Knowing that their wedding would be beautiful, I brought my camera and set out to take some fun artsy-fartsy pictures of her decorations. But between the low-lighting and the high-octane drinks, those intentions were washed away along with the rain that brought good luck to Kiya's wedding day.
Kiya has been asking me to teach her how to can strawberry preserves for a couple of years now. So I welcomed her into the family of farm wives with canning supplies. She's now got better stuff than me though. So I debated heavily the option of keeping the gift myself and just throwing some cash in the envelope and calling it good. But then I thought ... if she now has better canning supplies than me, I'll just can at HER house, and mess up HER kitchen. I'll pass it off as a "canning lesson." I'm brilliant.
While most fathers' primary roles in weddings are to write checks and walk their little girl down the aisle, Kiya's dad took on one major responsibility. He designed and made her wedding dress. And it was gorgeous, a one-of-a-kind gown.
It rained. But that did nothing to dampen any spirits. The ceremony setting was perfect. But my color-coordinating OCD self (and that's about the ONLY obsessive compulsive disorder my messy butt can ever claim to have) just wishes people would have better coordinated their umbrellas with the wedding colors. That giant rainbow job there in the middle is totally throwing off the balance of my pictures.
The wedding was at a local farm. The dance was in this beautiful old stone and wood barn that was apparently built in 1812 -- that's "new" around here where there are houses like my in-laws' that were built in the late 1700s.
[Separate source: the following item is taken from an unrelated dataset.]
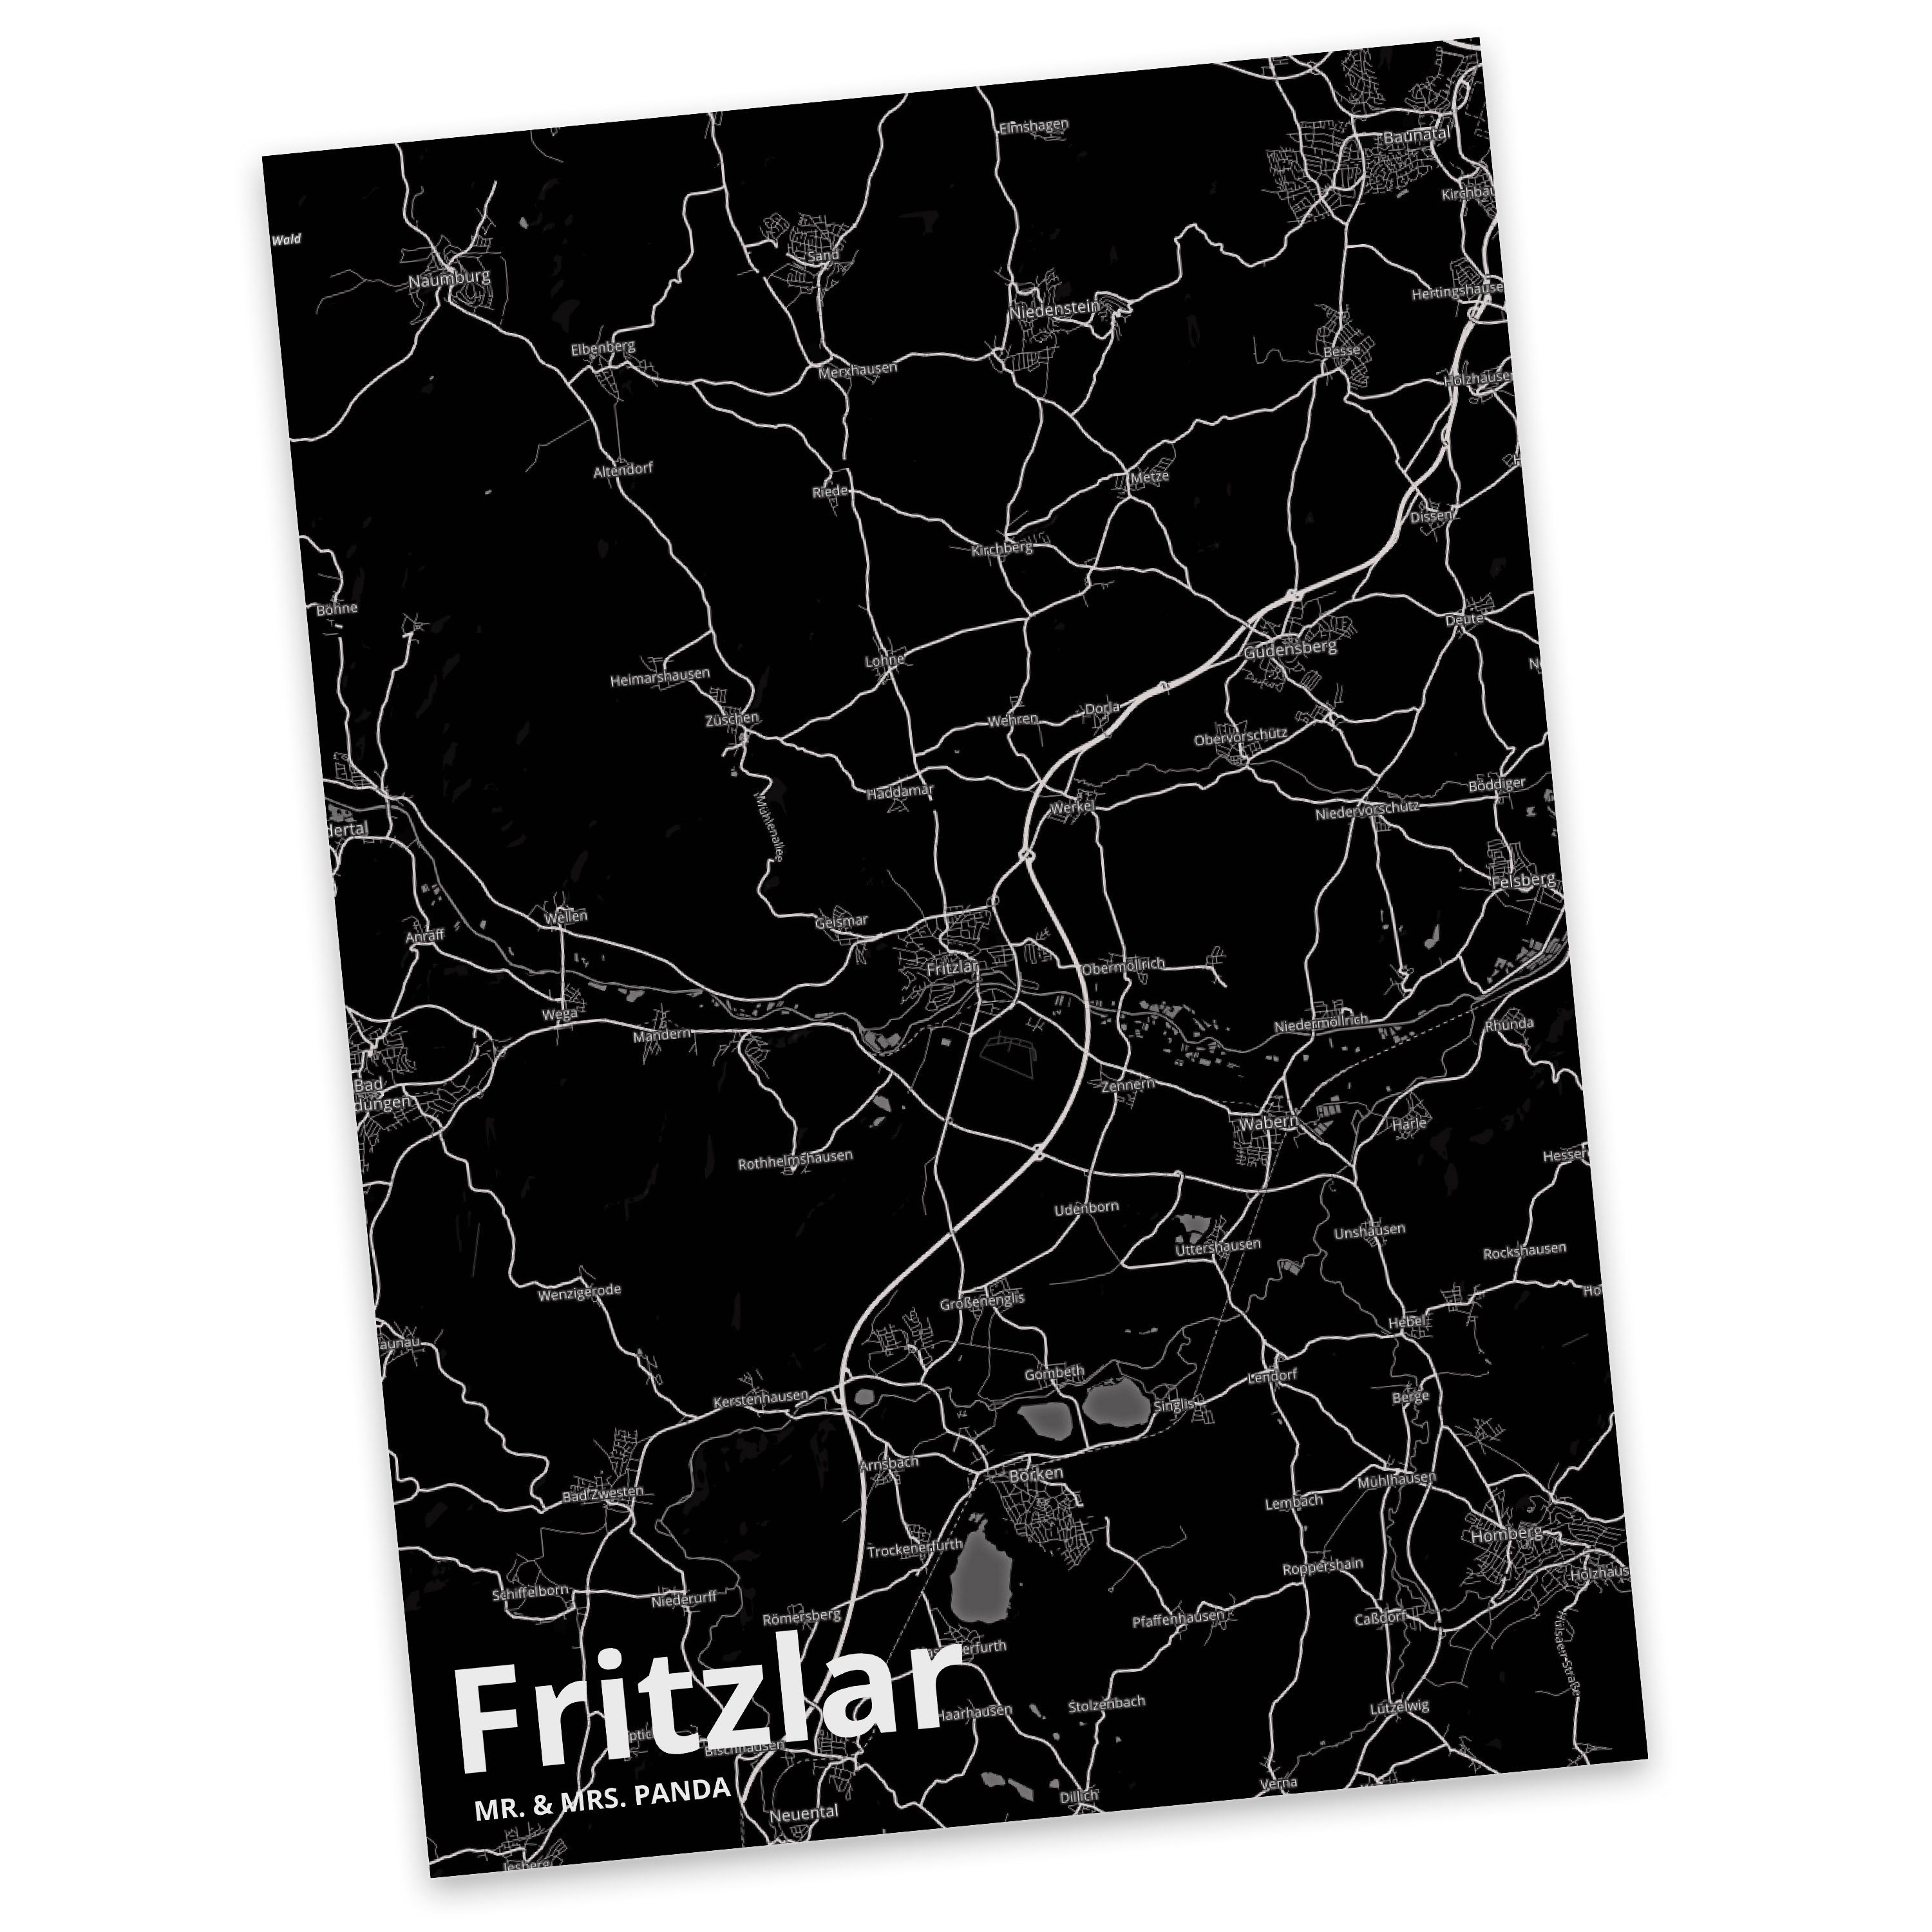 Mr. & Mrs. Panda Postkarte Fritzlar - Geschenk, Ort, Stadt Dorf Karte Landkarte Map Stadtplan, A

This Kansas girl hardly knew buildings could pre-date 1860.
The love of my life. Whose behavior typically pre-dates that of an 8-year-old.
I am so sad that I didn't get a picture of the groom's cake. It was a chocolate cake modeled after a compost pile, in honor of the groom's family running a composting business (among other things). There's nothing like taking a bite out of a big mound of brown delicious nastiness and discovering the clever baker even made edible deer carcases to add a little character to the heap of cake. Steel Magnolia's armadillo cake ain't got nothing on this sucker.
The decorations were so simply sweet. Apple crates with candles, mason jars with flowers, and little favors of local honey. My husband had suggested to the bride that rather than "Love is Sweet" she should have ordered the labels to say "Marriage is a Sticky Situation." Always the comic. The day I entered that man's life was the best day of his life, I don't know what he's talking about.